Cell Type and Gene ordering

Cell types and genes shown in a dot plot can be arranged in different ways as described in this section.

Cell Type Ordering

Cell types are annotated by the original data contributors and mapped to the closest cell ontology (CL) term as defined in the data schema.

In some cases there are cell types annotated with a high-level term whereas in some other cases they can be very granularly annotated. For example, there are some cells annotated as "T cells" and others annotated with children terms like "effector CD8-positive, alpha-beta T cell". All of these cell types are shown in the dot plot and they should not be interpreted as one being a subset of the other.

There are two options available for cell type ordering as described below.

Ontology-based Ordering

Cell types can be ordered according to the CL directed acyclic graph (DAG). Briefly, for each tissue a 2-dimensional representation of the DAG containing the tissue's cell types is built, then an ordered list of cell types is created by traversing the DAG using a depth-first approach.

Children cell types are represented with indentation in the dot plot, and the maximum indentation is 2 tabs for readability.

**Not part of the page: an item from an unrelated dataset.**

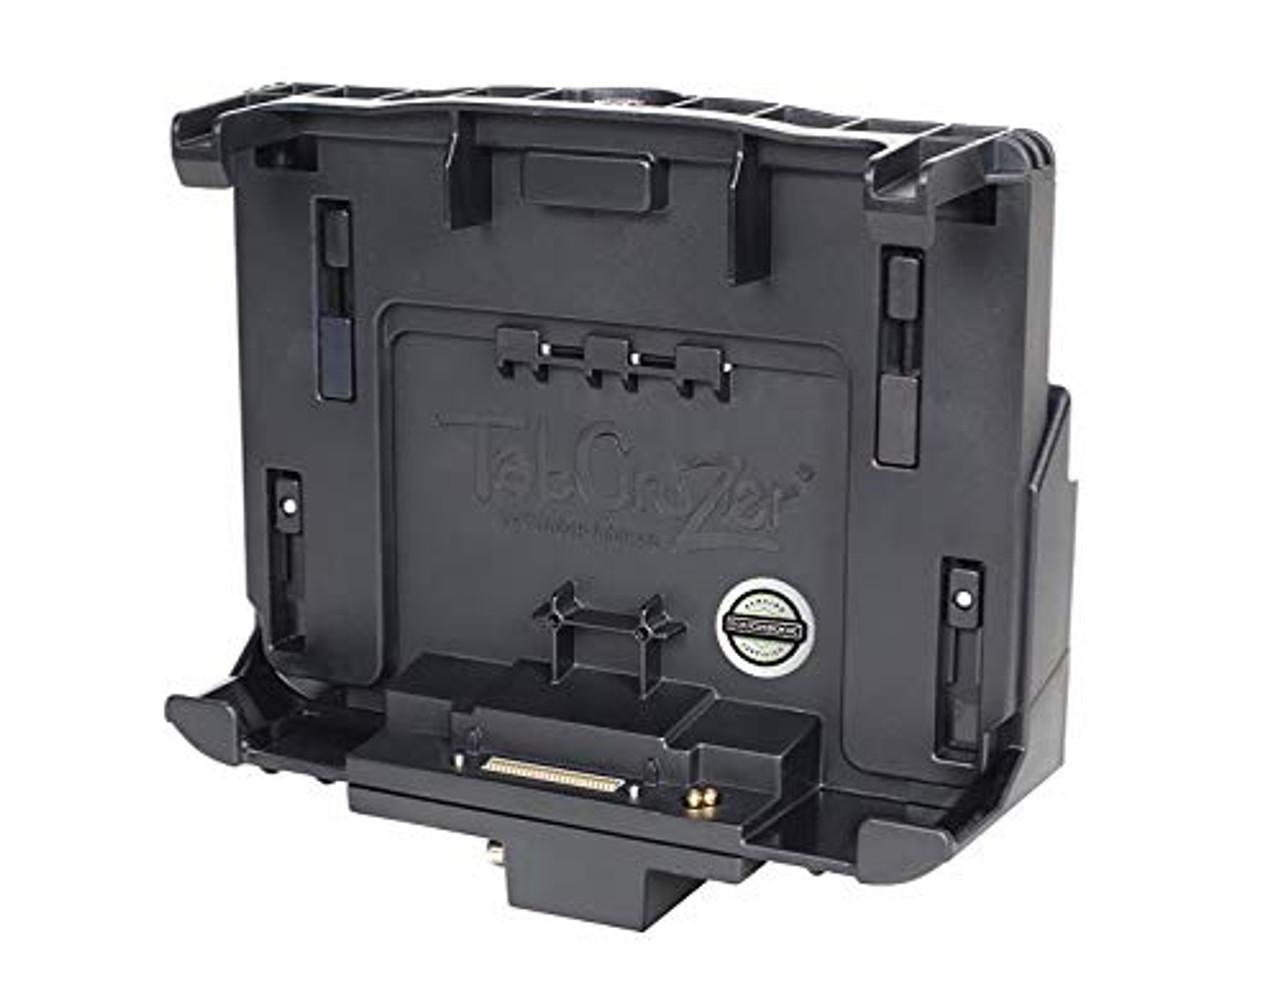 Tabcruze Vehicle Docking Station for the Panasonic Fz-G1 Tablet Computer. Dual R | 0309X8MHYWX

This method groups cell types together based on their ontological relationships thus providing a loose lineage-based ordering.

Algorithm

  1. Load the CL ontology, using either the cl.obo or cl.owl from the source file here.
  2. Subset the ontology to only contain the cell types of interest along with their ancestors.
  3. Create a 2-dimensional representation of the DAG using the dot method of graphiz. See here for a full description of this method.
  4. Initialize an empty tree
  5. Traverse the DAG starting at the root:
    1. If node is present in cell types of interest:
      1. Add to the final ordered list.
      2. Add as child of current parent in tree
    2. Remove the node from nodes of interest.
    3. Get children nodes
    4. Perform recursion for each child node, going left-to-right through the children nodes.
  6. Return the ordered list and tree

Hierarchical Ordering

Cell types can also be ordered using hierarchical clustering which will group cell types with similar expression patterns together based on the genes selected, consequently the ordering will vary based on the information shown in any given dot plot.

The underlying method uses agglomerative hierarchical clustering with Euclidean distances.

Gene Ordering

Similarly to cell types, genes can be ordered in two different ways:

  1. As entered: genes will be shown in the order they were queried.
  2. Hierarchical ordering: genes will be ordered using hierarchical clustering as described for cell types.